In the world of distributed computing, we are bound to write efficient programs to reduce the latency, which can be achieved by following certain best practises. Lets see how data partitioning reduces latency and improves parallelism.

 

We can see the difference in the time taken by tasks like Reading 1 MB sequentially from memory whereas reading the same from the disk/SSD and while sending bytes across network.

Lets see another chart of the latency numbers in humanized version to infer the time difference

Now that we have a better intution about the latency lets relate, What’s the link between latency and partitioning and how they are connected.

What is Partitioning?

Simply put, the data within an RDD is split into many partitions and sent across the worker nodes.

Note that the data partition never span across the nodes. If a worker node with a partition is lost then data is retrieved by recomputing that RDD via its Parent RDD’s (thats where the resilient part of the RDD comes from)

Custom partitioning is only possible when working with Pair RDDs since partitioning is done based on keys

Types of Partitioning

By default, when a spark job starts the number of partitions is equal to the total number of cores on all executor nodes.

So for example if all of the machines in your cluster have 4 cores and you have 6 worker nodes then that means the default number of partitions you can start with may be 24.

Spark reads data from HDFS and number of partitions will be determined by numbers of input split for the file in HDFS. If there are N input splits then there will be N partitions. if we are reading a textfile the the input splits will be set by TextInputFormat.

My Input file size is about 114.5 GB which is 114500MB divided by 32 (fs.local.blocksize default value is 32 MB)) gives around 3579 partitions. But if the lines in your file is too long (longer than the block size), amount of partitions would be smaller.

The three types of partitioning are

  • Hash partitioning
  • Range partitioning
  • Custom partitioning

Hash Partitioning

Uses Java’s Object.hashCode method to determine the partition as partition = key.hashCode() % numPartitions.

We will go with an example of some tuples (data) and convert it to RDD (hashpartrdd) and then partition it.

We can mention the type of partition we want on the data by .partitionBy() method. The number of partitions we want can be done by passing it inside the HashPartitioner() method.

Note that partitionBy() is a transformation, so it always returns a new RDD. Therefore it is important to persist otherwise, partitioning is repeatedly applied, which involves shuffling each time the RDD is used.

Hash partitioning tries to spread around the data as evenly as possible over all of the partitions based on the keys. Here we can see the data entering the partions as below.

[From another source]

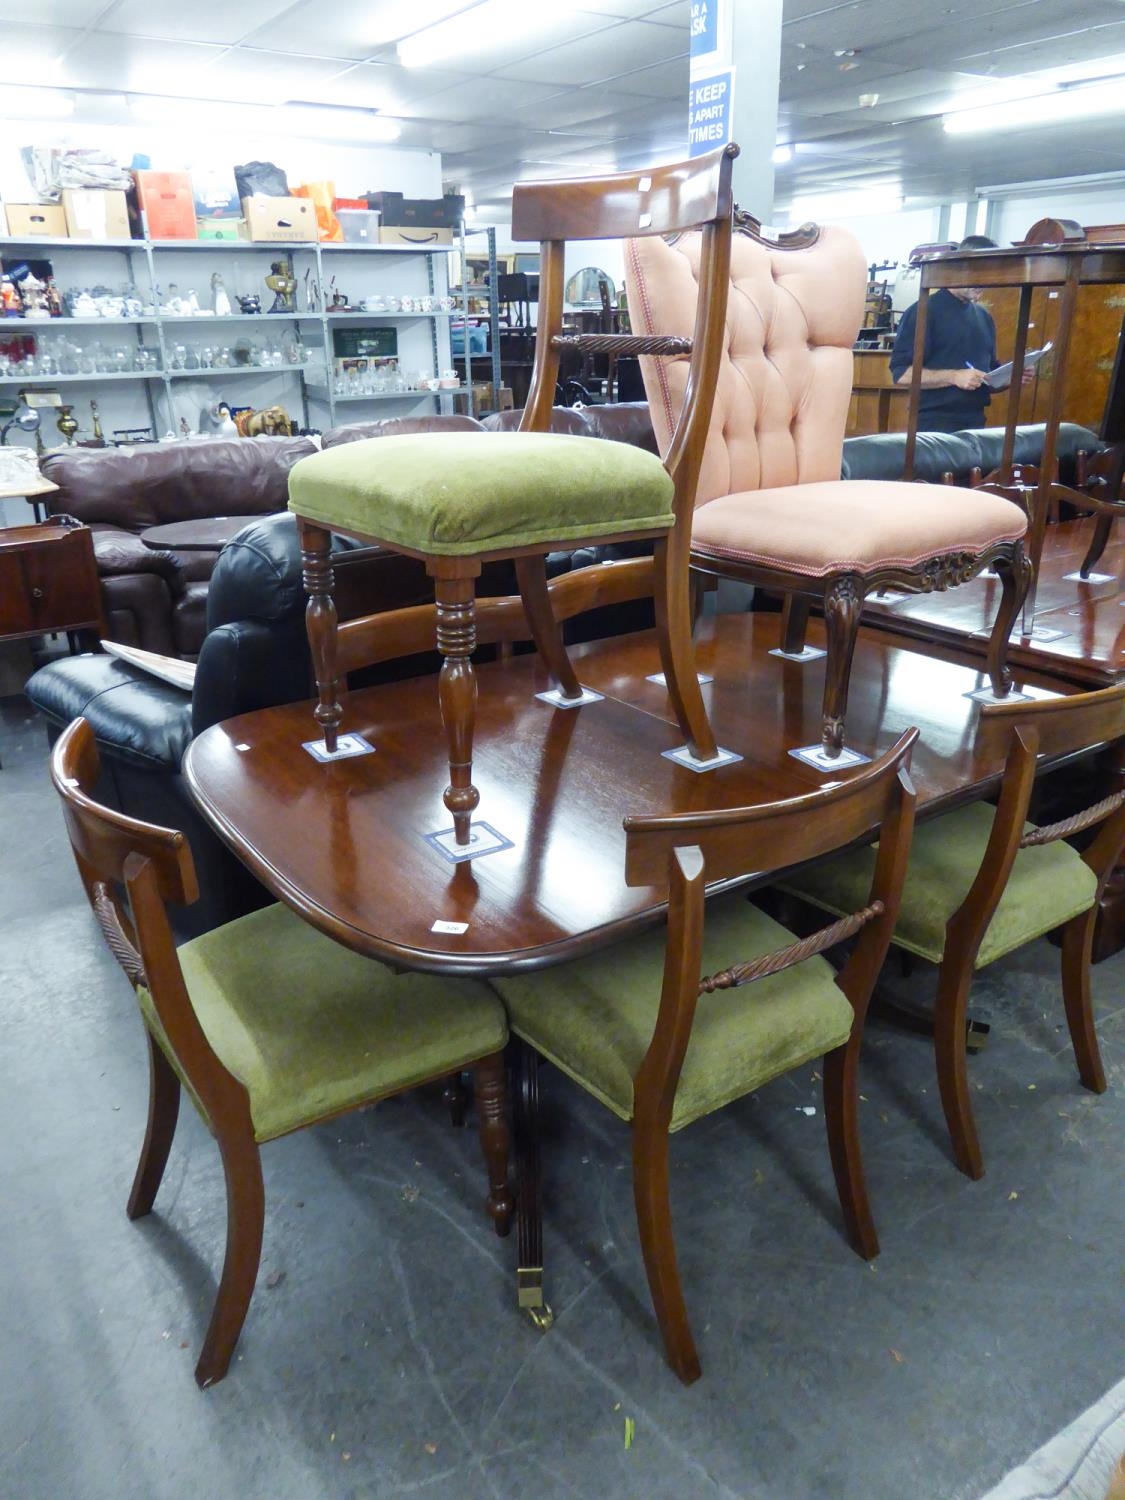 A MODERN REPRODUCTION REGENCY REVIVAL DINING TABLE WITH EXTRA LEAF AND SIX DINING CHAIRS, BY BRIGHTS

Lets assume this in a distributed system then the data on partition 0, 1, 2, 3 are sent to worker nodes 1, 2, 3, 4.

  • The partition (0) consists of the tuple (1,1), (1,2), (1,3) —-> worker node 1
  • The partition (1) consists of the tuple (1,4), (3,1), (2,2), (2,3) —-> worker node 2
  • The partition (2) consists of the tuple (3,1), (4,2), (3,3) —-> worker node 3
  • The partition (3) consists of the tuple (4,1), (6,2), (4,3) —-> worker node 4

If we want to group the elements by key across the worker nodes, then we will be calling the groupByKey method.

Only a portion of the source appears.